Many conflicting estimates have been made concerning the number of deaths during the raids of Dresden on February 13-14, 1945. Historian Richard J. Evans estimates that approximately 25,000 people died during these bombings.[2] Frederick Taylor estimates that from 25,000 to 40,000 people died as a result of the Dresden bombings.[3] A distinguished commission of German historians titled “Dresden Commission of Historians for the Ascertainment of the Number of Victims of the Air Raids on the City of Dresden on 13/14 February 1945” estimates the likely death toll in Dresden at around 18,000 and definitely not more than 25,000.[4] This later estimate is considered authoritative by many sources.
While exact figures of deaths in the Dresden bombings can never be obtained, some Revisionist historians estimate a death toll at Dresden as high as 250,000 people. Most establishment historians state that a death toll at Dresden of 250,000 is an absolute impossibility. For example, Richard Evans states:
Even allowing for the unique circumstances of Dresden, a figure of 250,000 dead would have meant that 20% to 30% of the population was killed, a figure so grossly out of proportion to other comparable attacks as to have raised the eyebrows of anyone familiar with the statistics of bombing raids…even if the population had been inflated by an influx of refugees fleeing the advance of the Red Army.[5]
Population of Dresden
Historians generally agree that a large number of German refugees were in Dresden during the night of February 13-14, 1945. However, the estimate of refugees in Dresden that night varies widely. This is a major reason for the discrepancies in the death toll estimates in the Dresden bombings.
Marshall De Bruhl states in his book Firestorm: Allied Airpower and the Destruction of Dresden:
Nearly every apartment and house [in Dresden] was crammed with relatives or friends from the east; many other residents had been ordered to take in strangers. There were makeshift campsites everywhere. Some 200,000 Silesians and East Prussians were living in tents or shacks in the Grosser Garten. The city’s population was more than double its prewar size. Some estimates have put the number as high as 1.4 million.
Unlike other major German cities, Dresden had an exceptionally low population density, due to the large proportion of single houses surrounded by gardens. Even the built-up areas did not have the congestion of Berlin and Munich. However, in February 1945, the open spaces, gardens, and parks were filled with people.
The Reich provided rail transport from the east for hundreds of thousands of the fleeing easterners, but the last train out of the city had run on February 12. Transport further west was scheduled to resume in a few days; until then, the refugees were stranded in the Saxon capital.[6]

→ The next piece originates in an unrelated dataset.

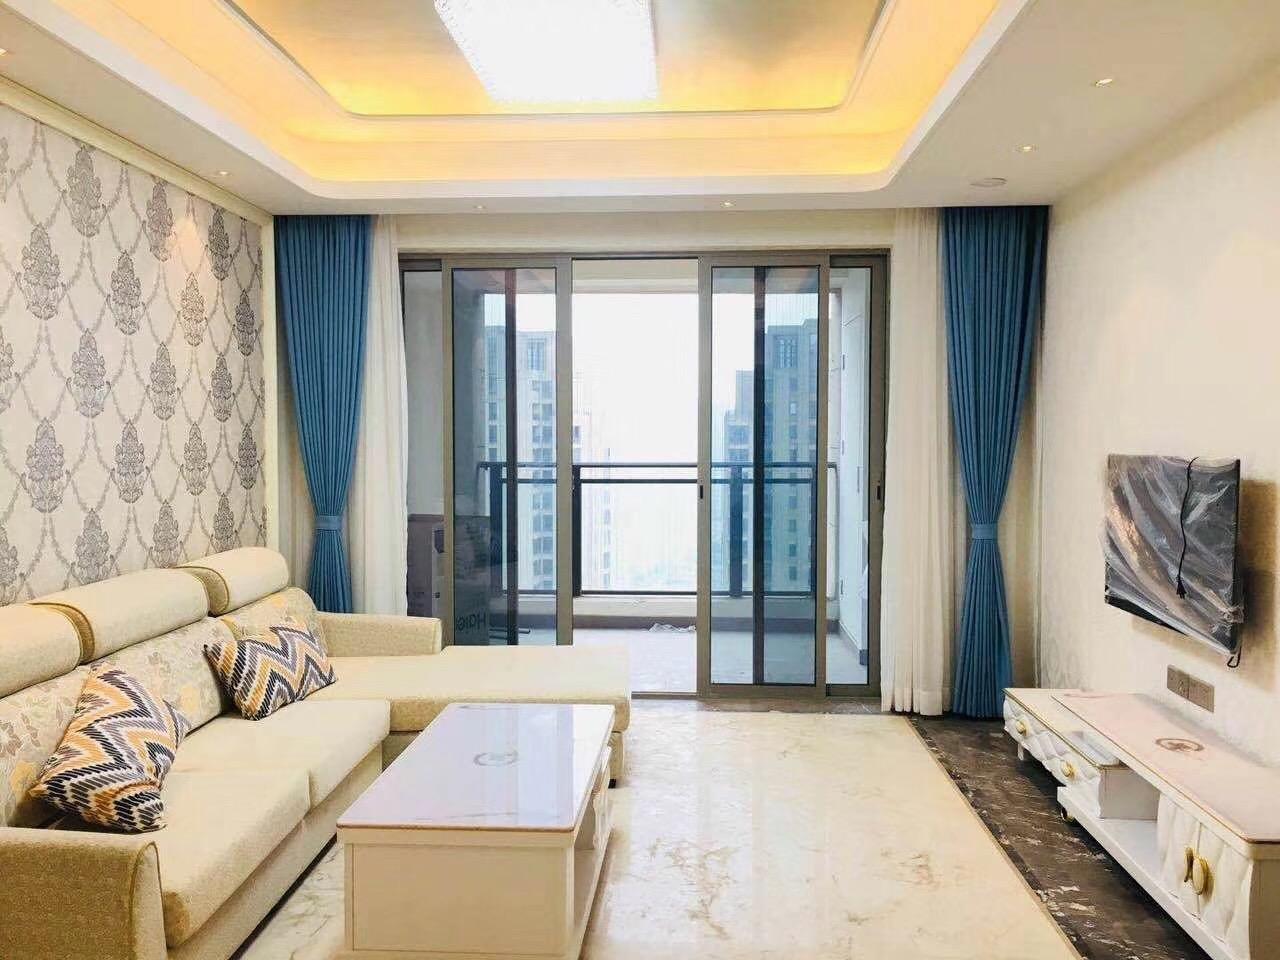 长沙100平米三房两厅北欧简约风格客厅装修效果图
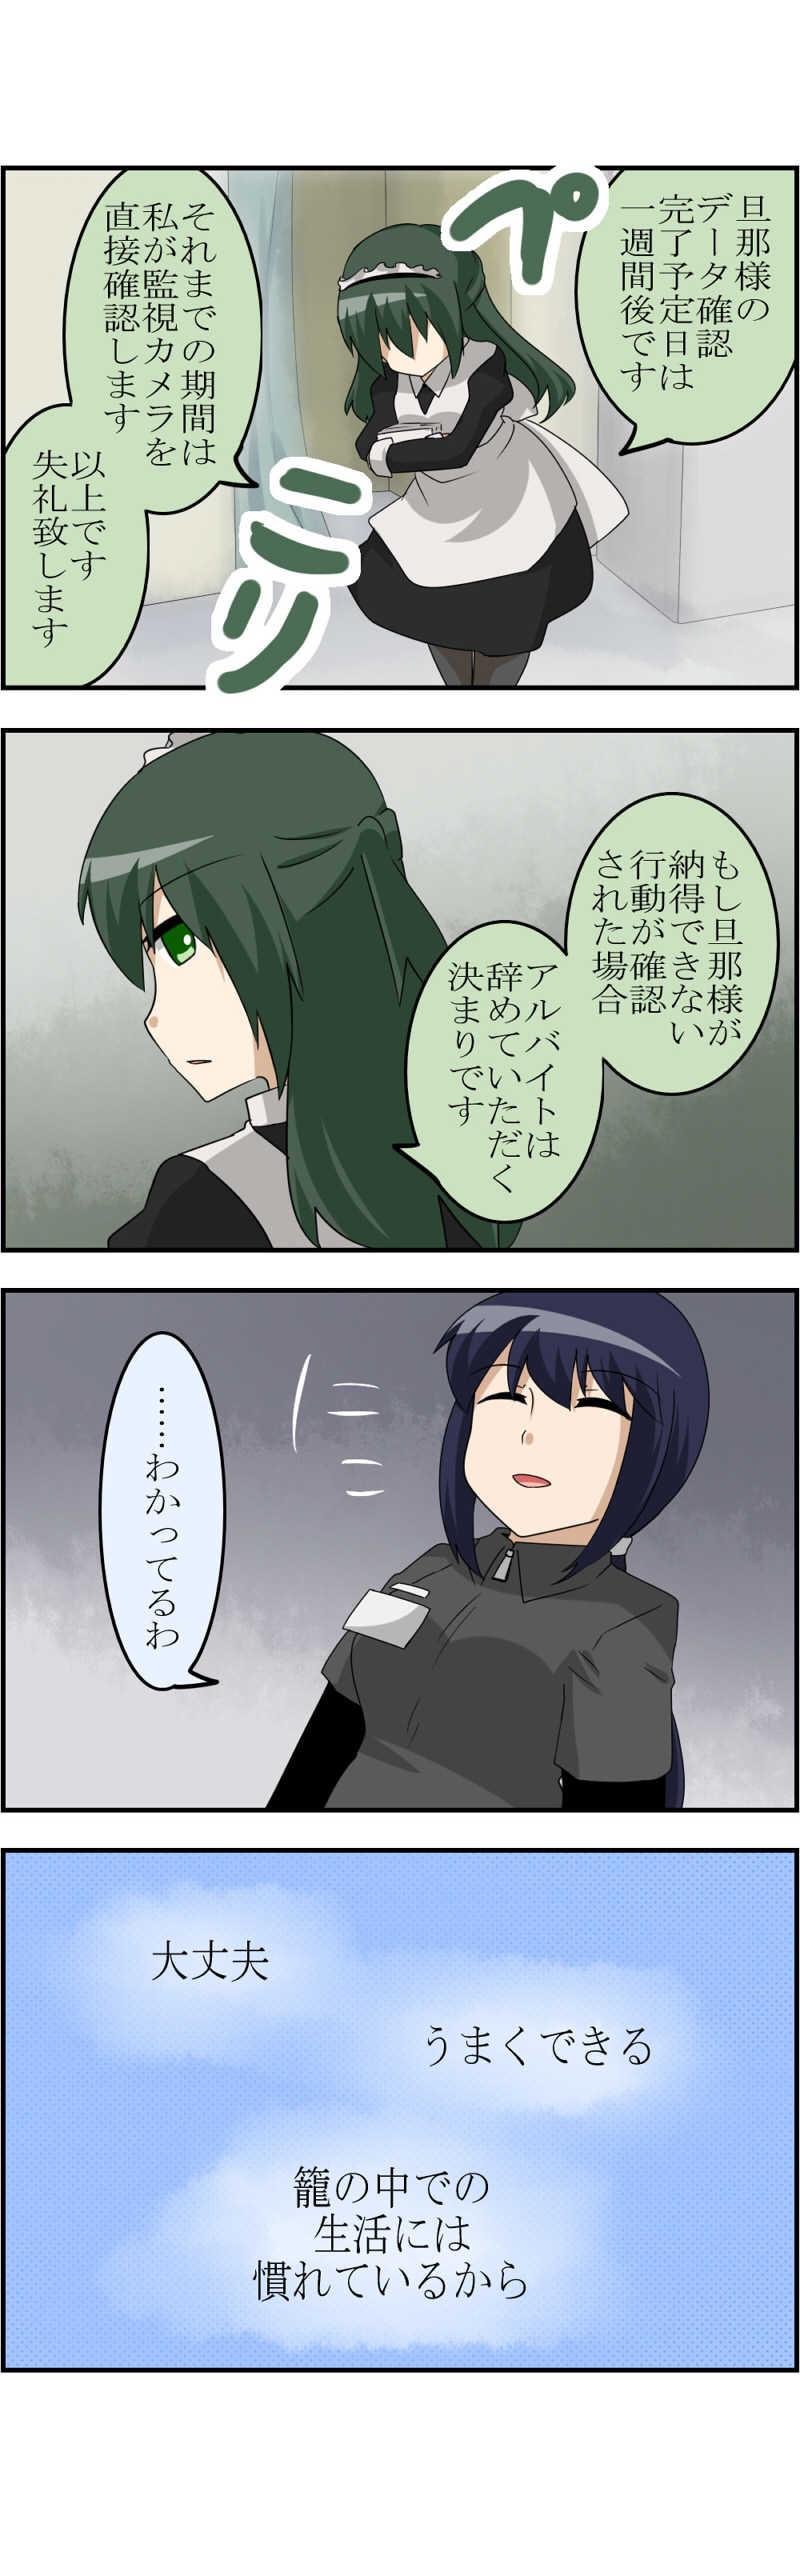 第31話「ハートフルフレンズ①」

David Irving states in The Destruction of Dresden:
Silesians represented probably 80% of the displaced people crowding into Dresden on the night of the triple blow; the city which in peacetime had a population of 630,000 citizens was by the eve of the air attack so crowded with Silesians, East Prussians and Pomeranians from the Eastern Front, with Berliners and Rhinelanders from the west, with Allied and Russian prisoners of war, with evacuated children’s settlement, with forced laborers of many nationalities, that the increased population was now between 1,200,000 and 1,400,000 citizens, of whom, not surprisingly, several hundred thousand had no proper home and of whom none could seek the protection of an air-raid shelter.[7]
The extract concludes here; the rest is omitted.